How to complete this task:
Wherever an image appears in the data, omit it and copy all the remaining text word for word.

==== Recorded data

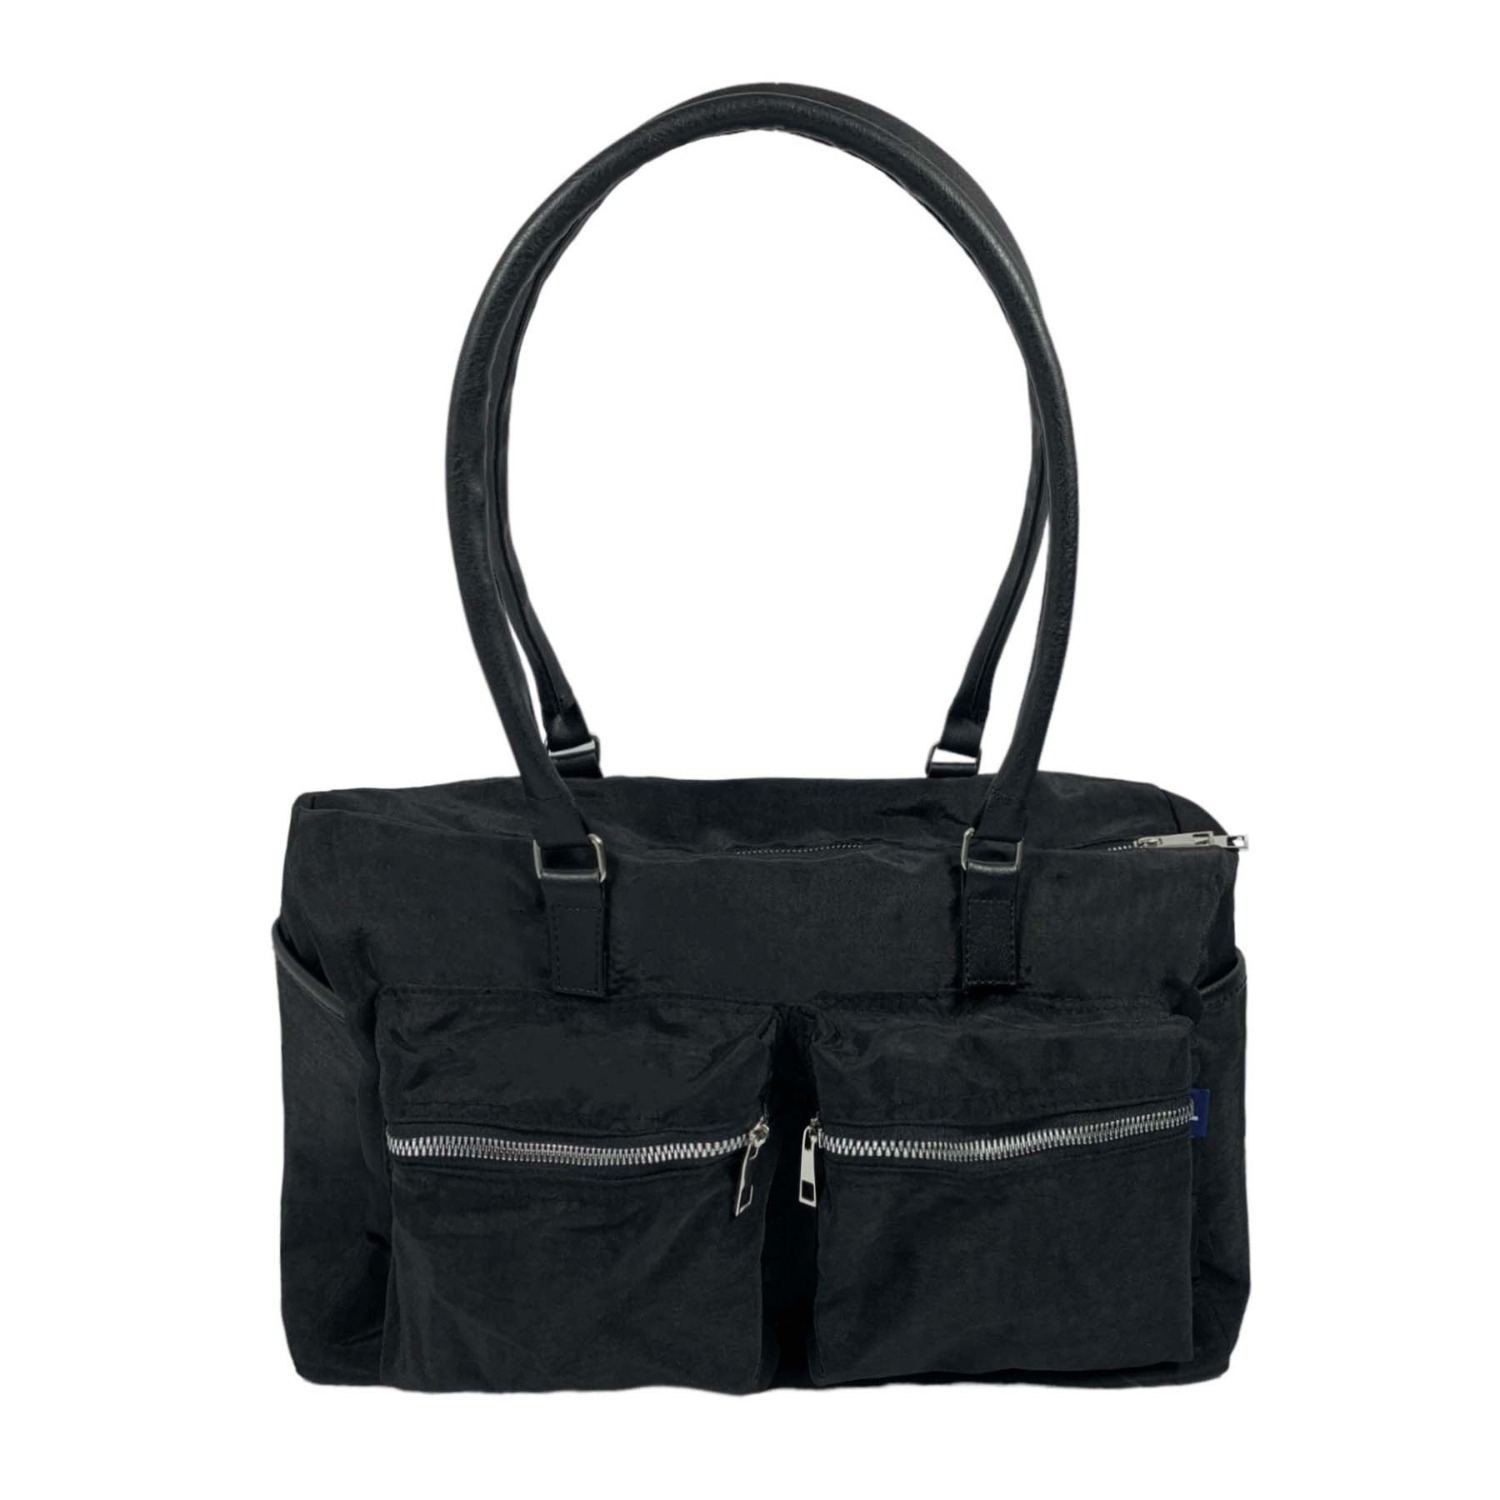 Locker Sporty Bag in Black
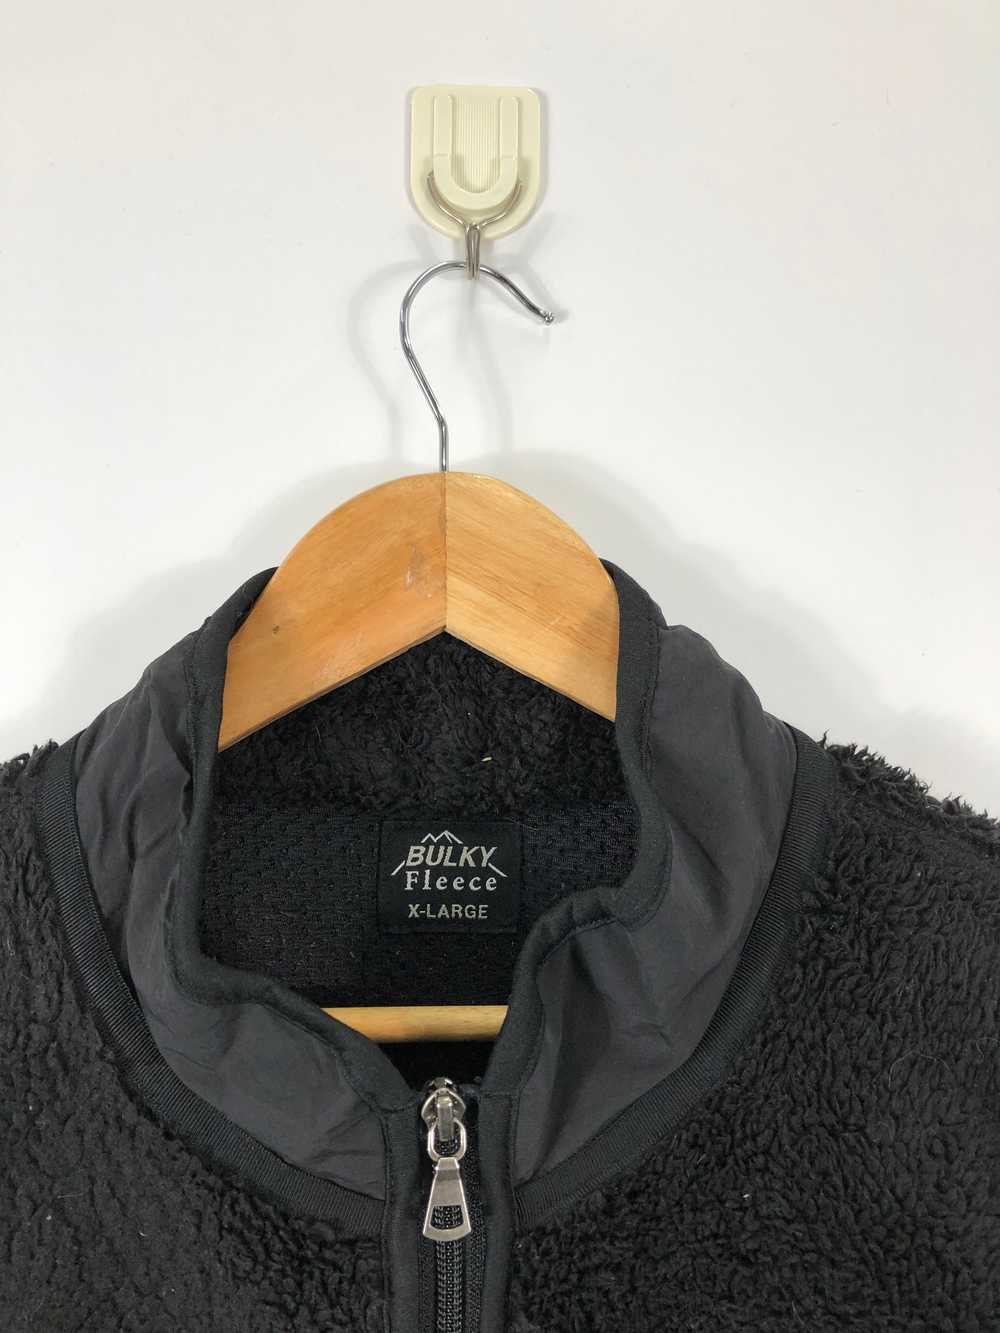 Uniqlo - Uniqlo Matted Bulky Fleece Jacket - image 5
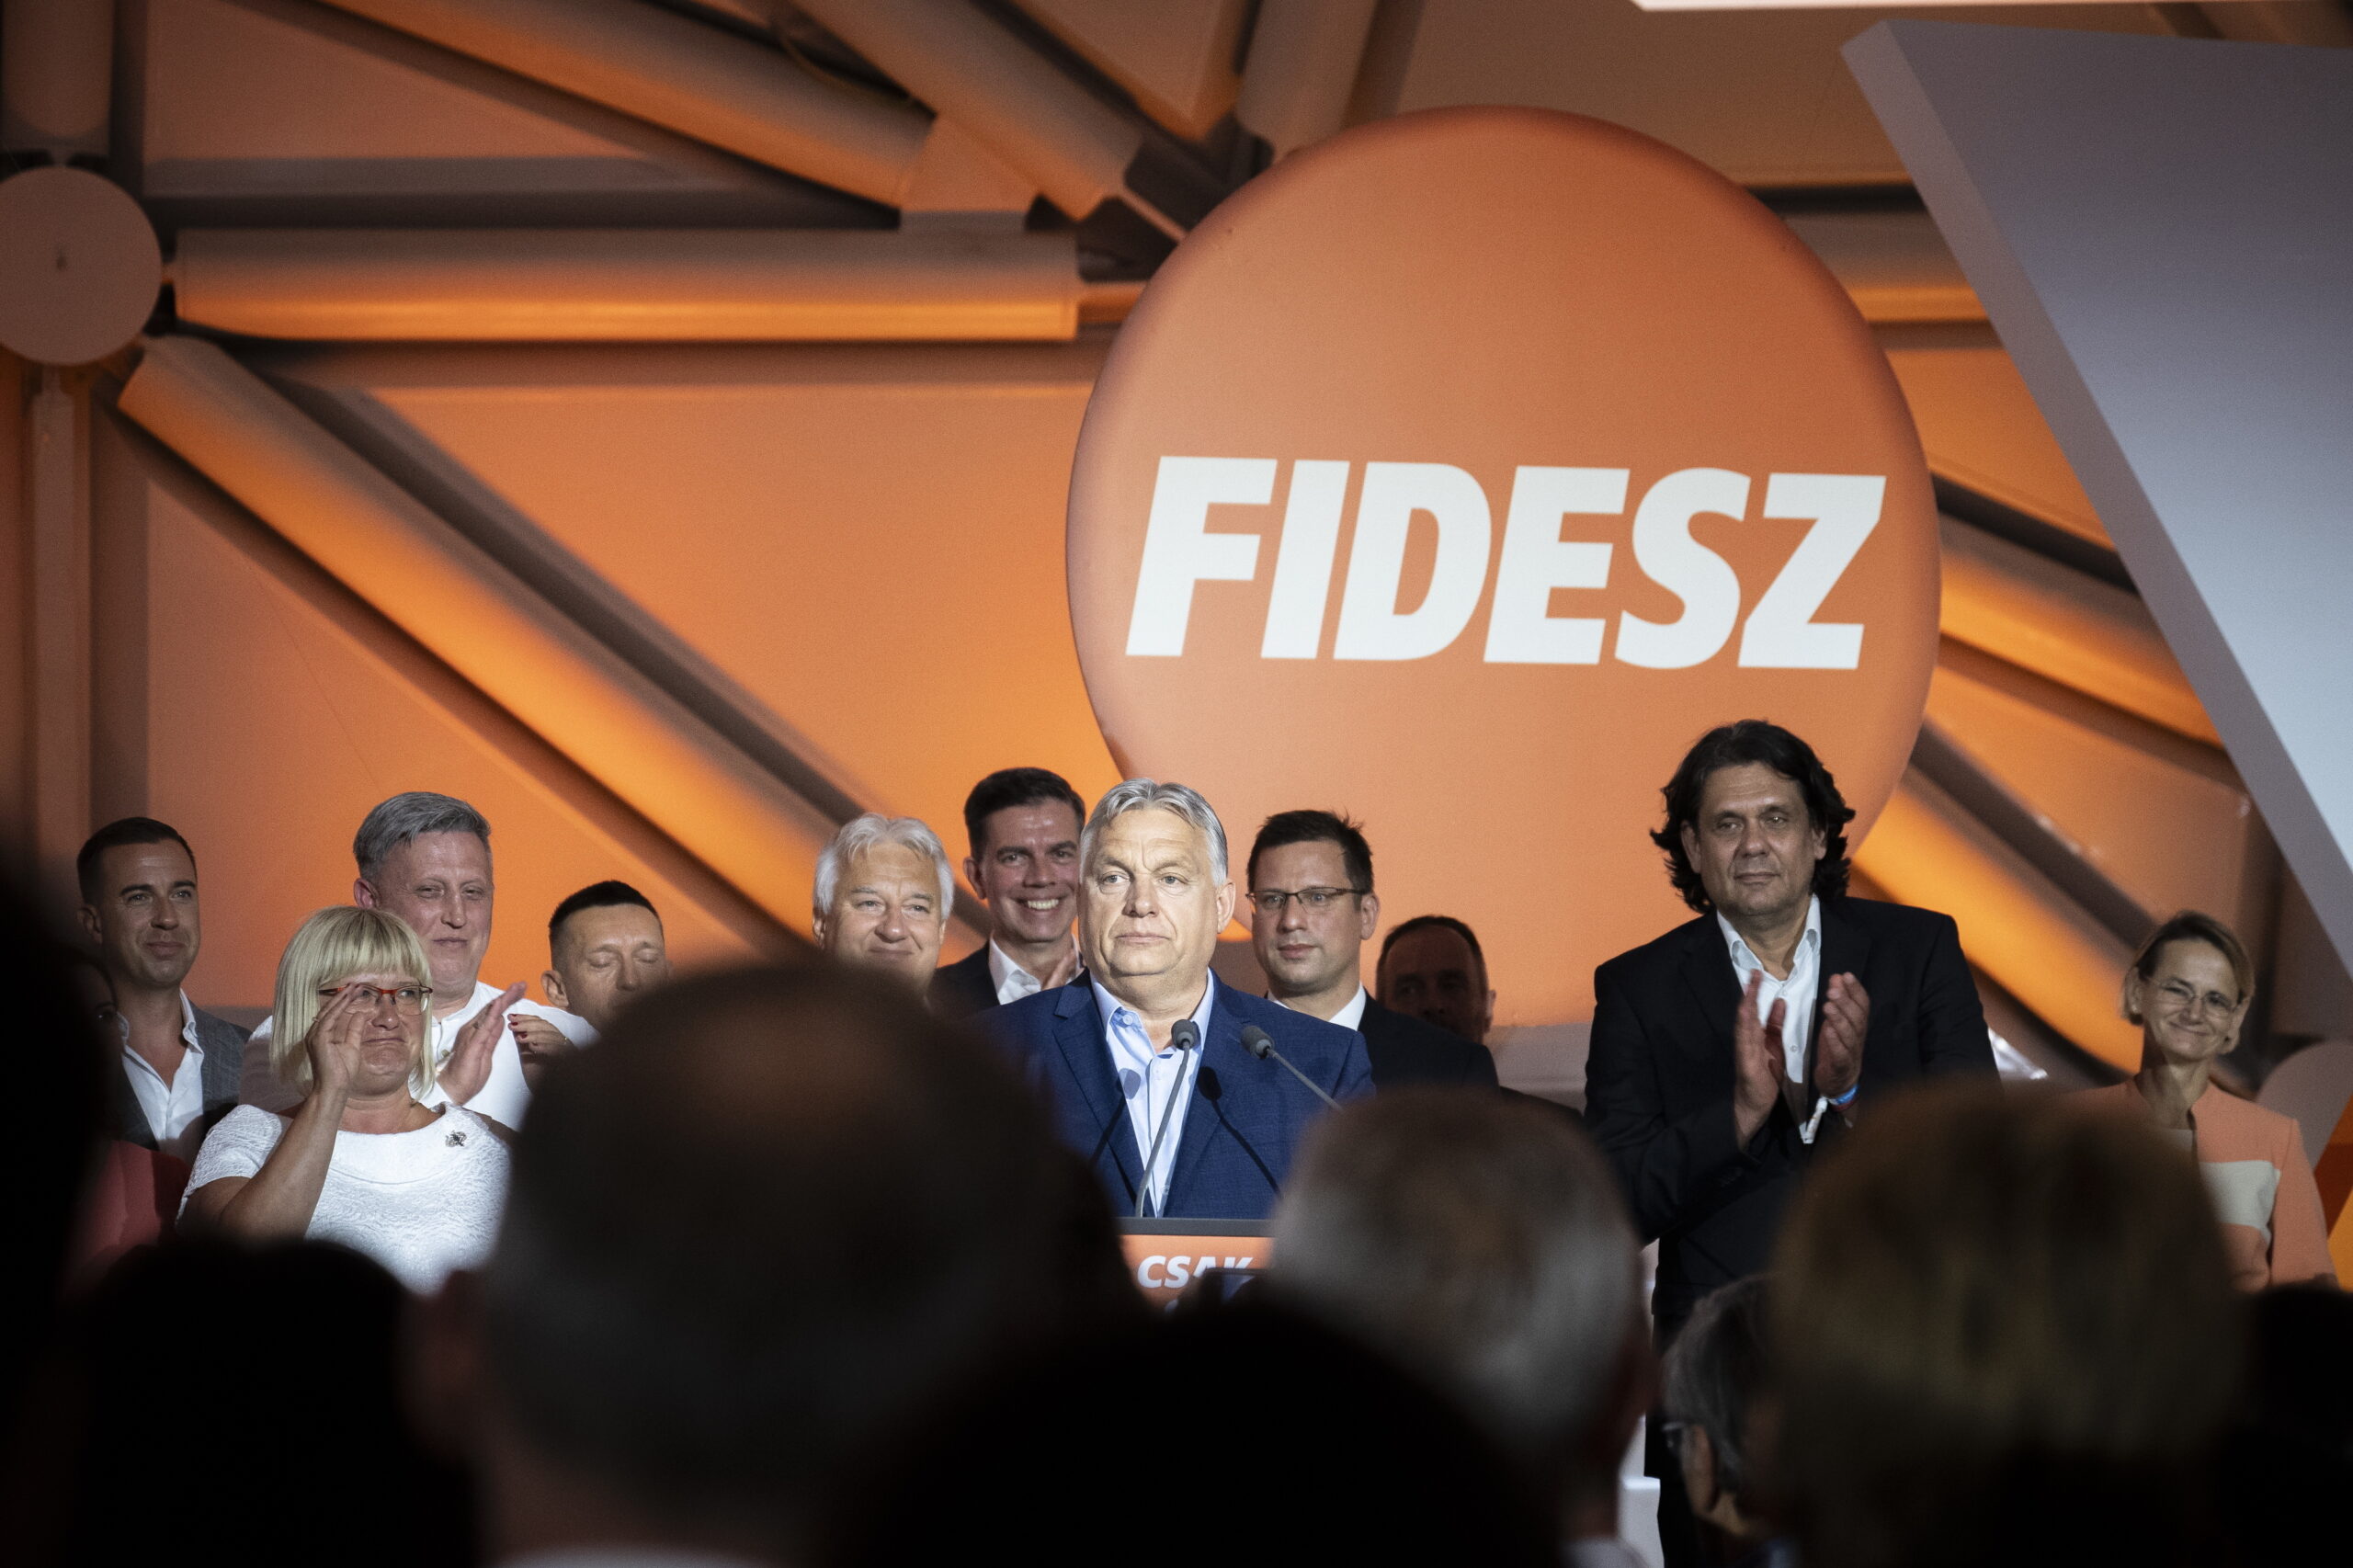 Stefano Bottoni: Ugyanaz történik majd a Fidesszel is, mint az MSZP-vel, lassan elfogynak a támogatók

========

Output of the exercise:
 Locker Sporty Bag in Black
 Uniqlo - Uniqlo Matted Bulky Fleece Jacket - image 5
 Stefano Bottoni: Ugyanaz történik majd a Fidesszel is, mint az MSZP-vel, lassan elfogynak a támogatók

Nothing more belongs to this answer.